Prompt: Reproduce exactly only the lines from the line that holds "In Saudi Arabia, guardianship" to the line that holds "Image of Michelle Obama.", inclusive, in the listing below, and please leave out every picture.

Input for this task:
· · · ·

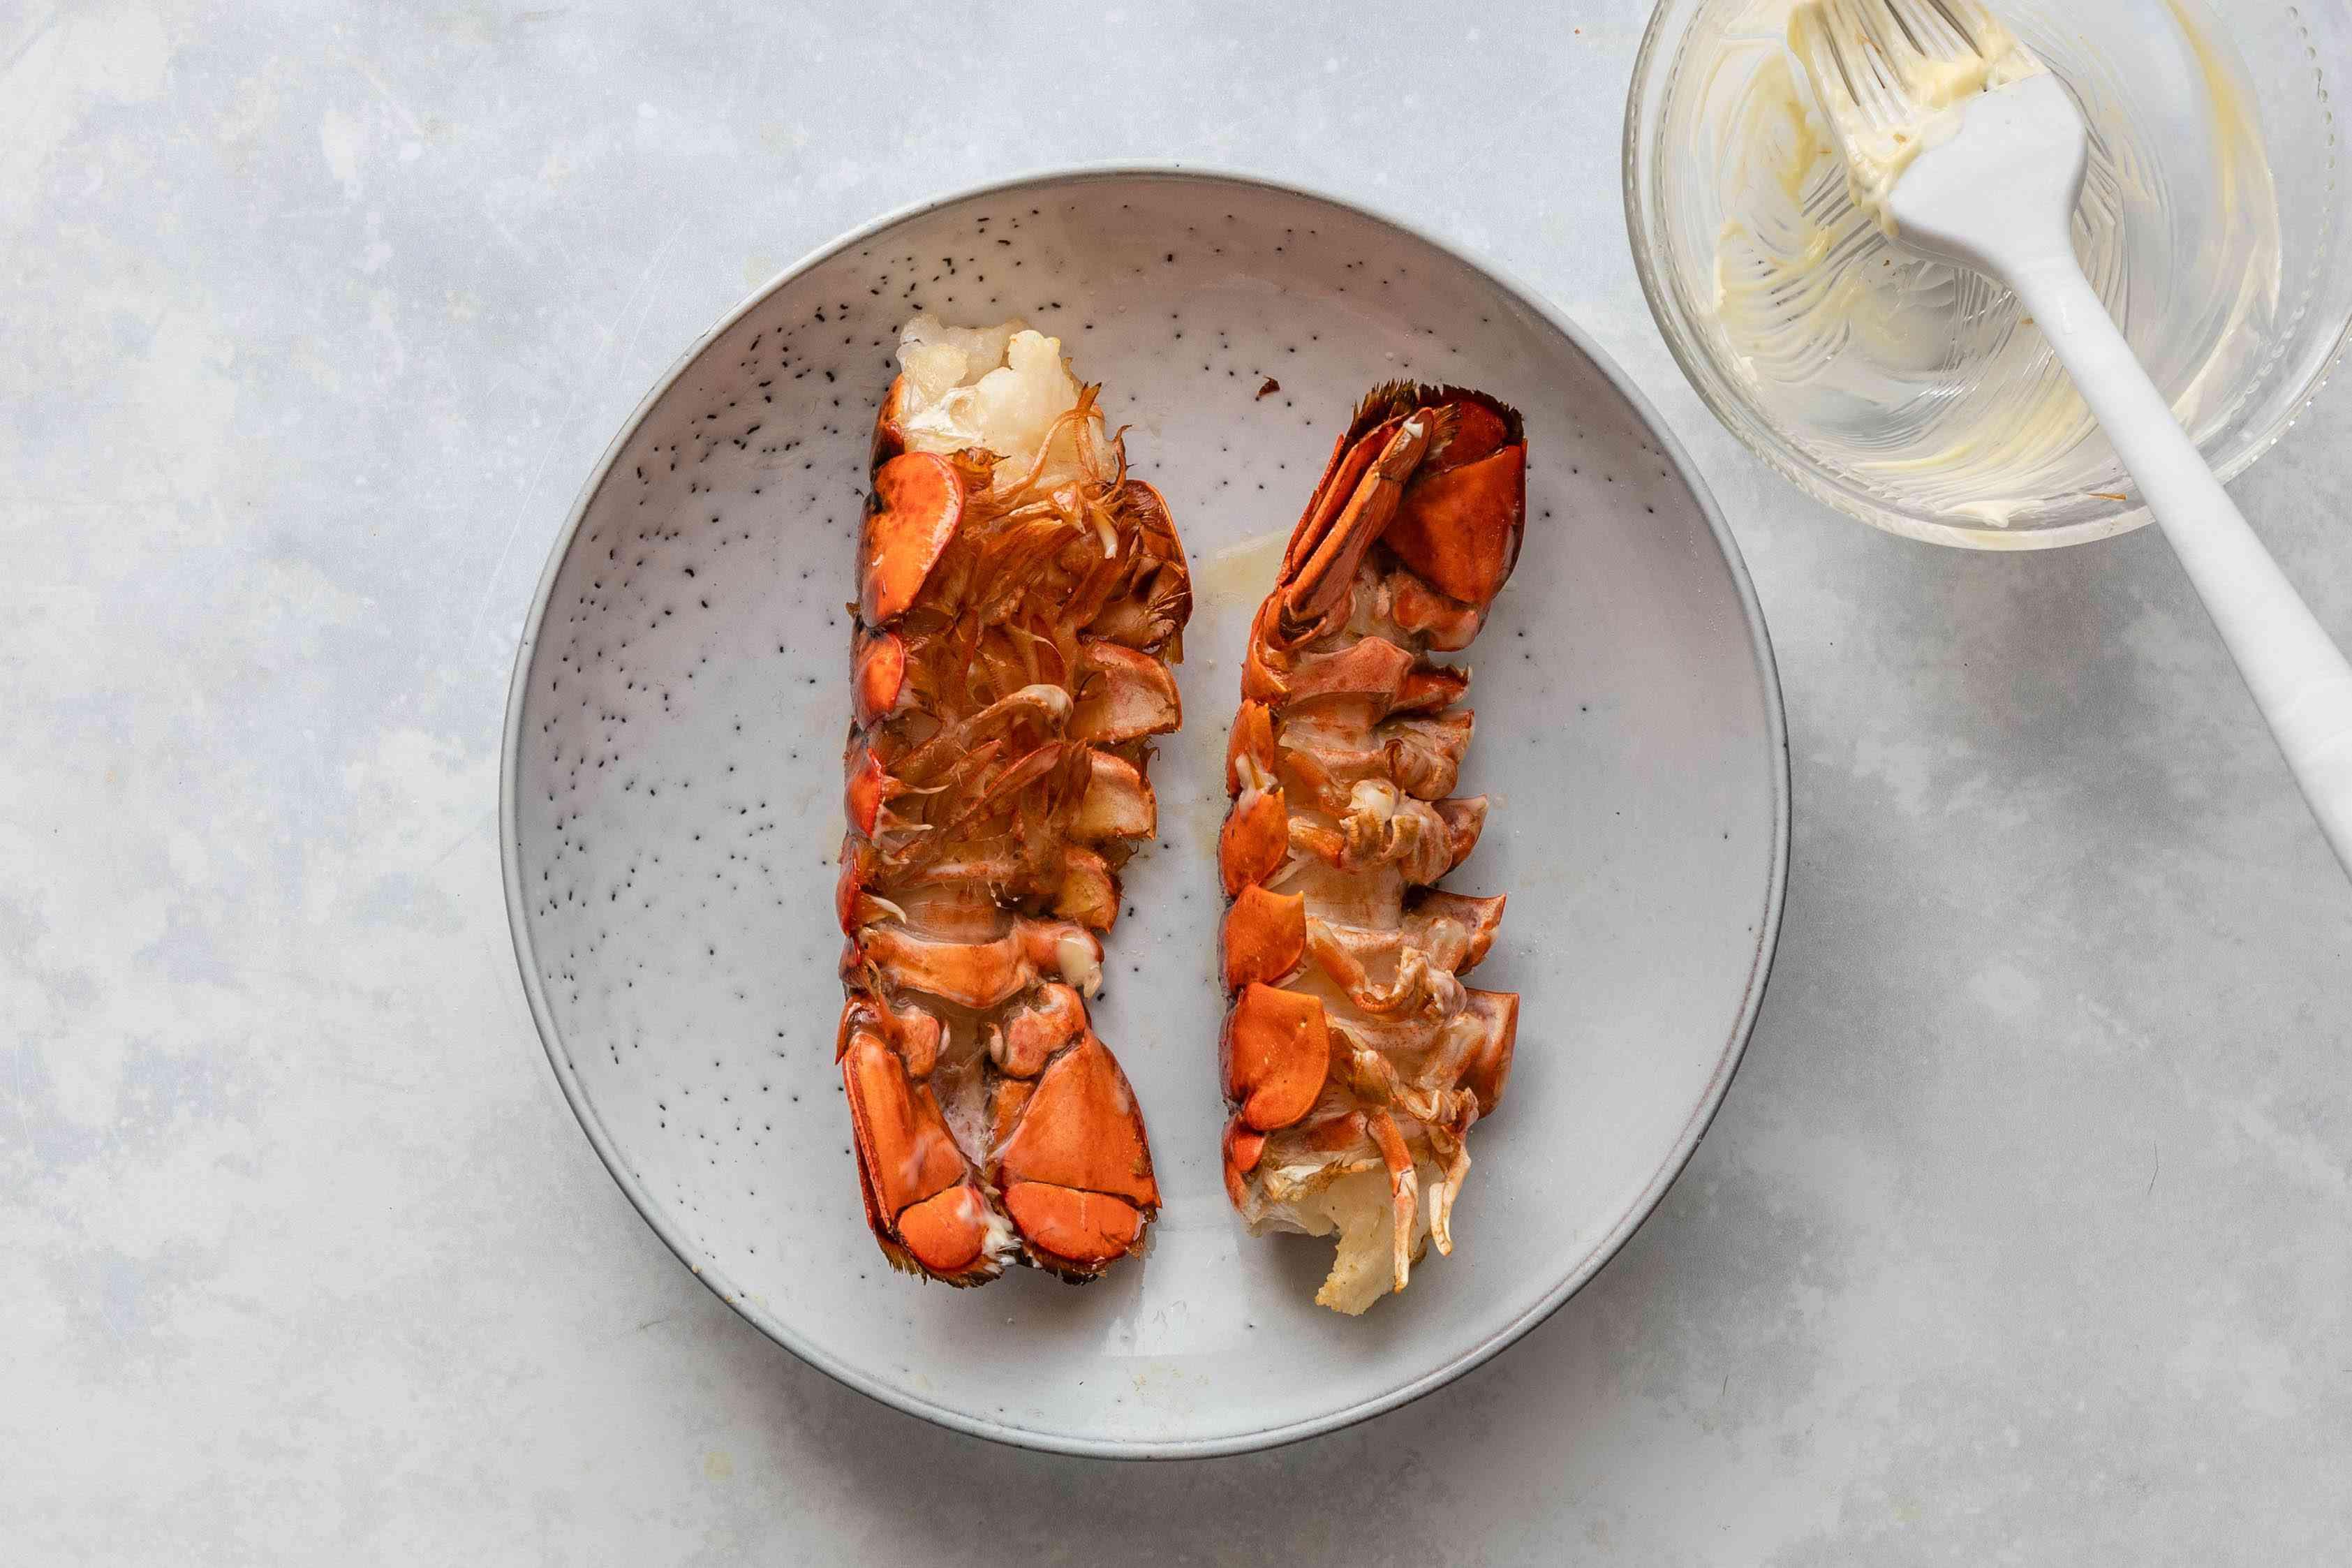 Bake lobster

· · · ·

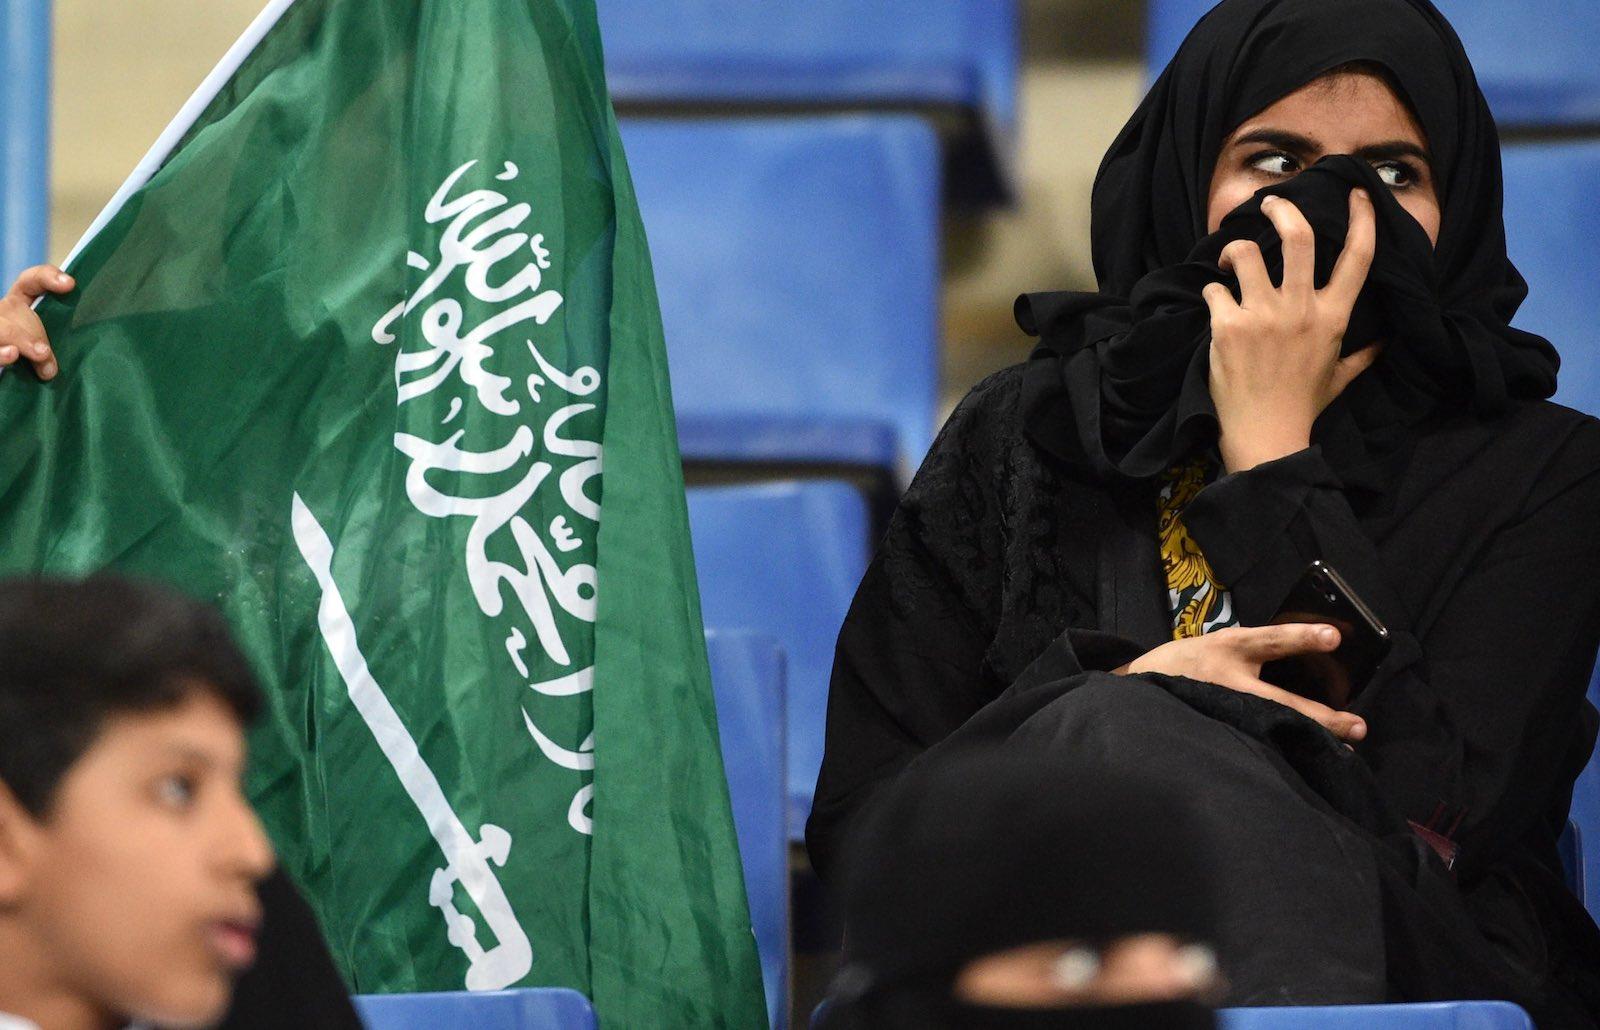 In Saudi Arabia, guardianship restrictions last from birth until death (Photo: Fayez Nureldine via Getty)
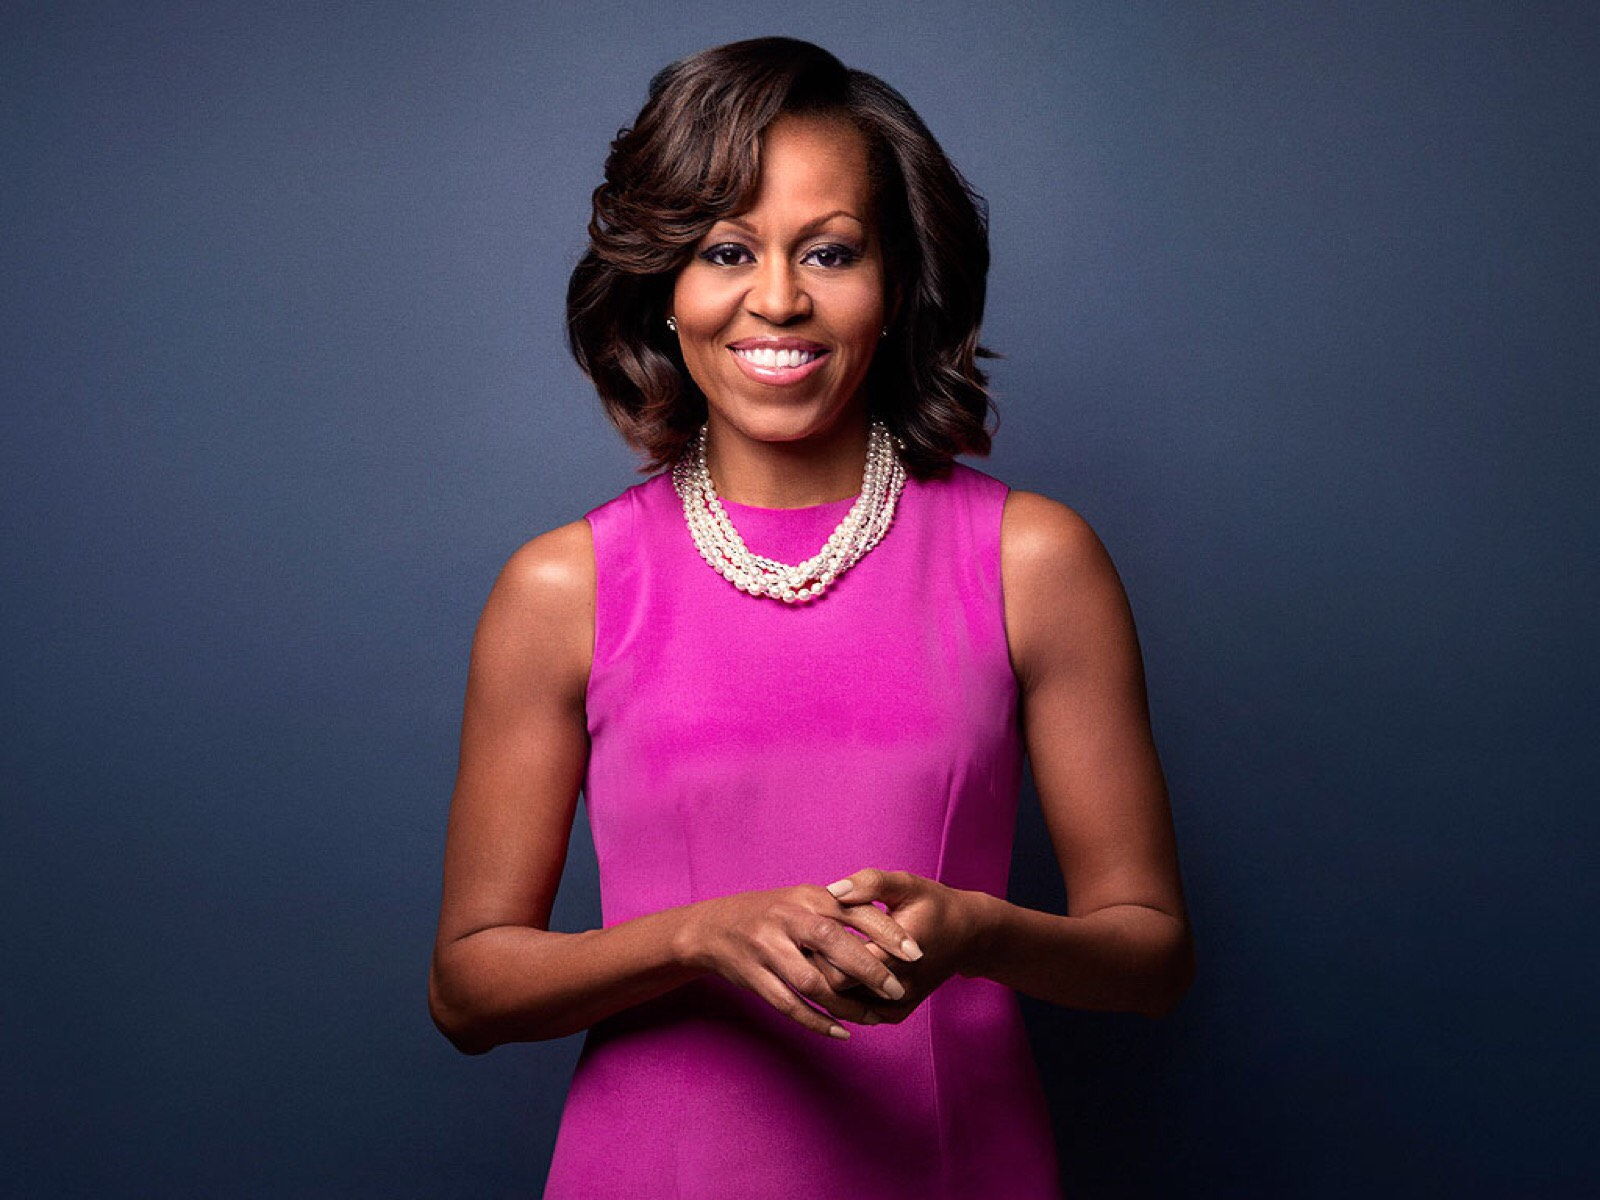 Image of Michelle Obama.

· · · ·

Your response:
 In Saudi Arabia, guardianship restrictions last from birth until death (Photo: Fayez Nureldine via Getty)
 Image of Michelle Obama.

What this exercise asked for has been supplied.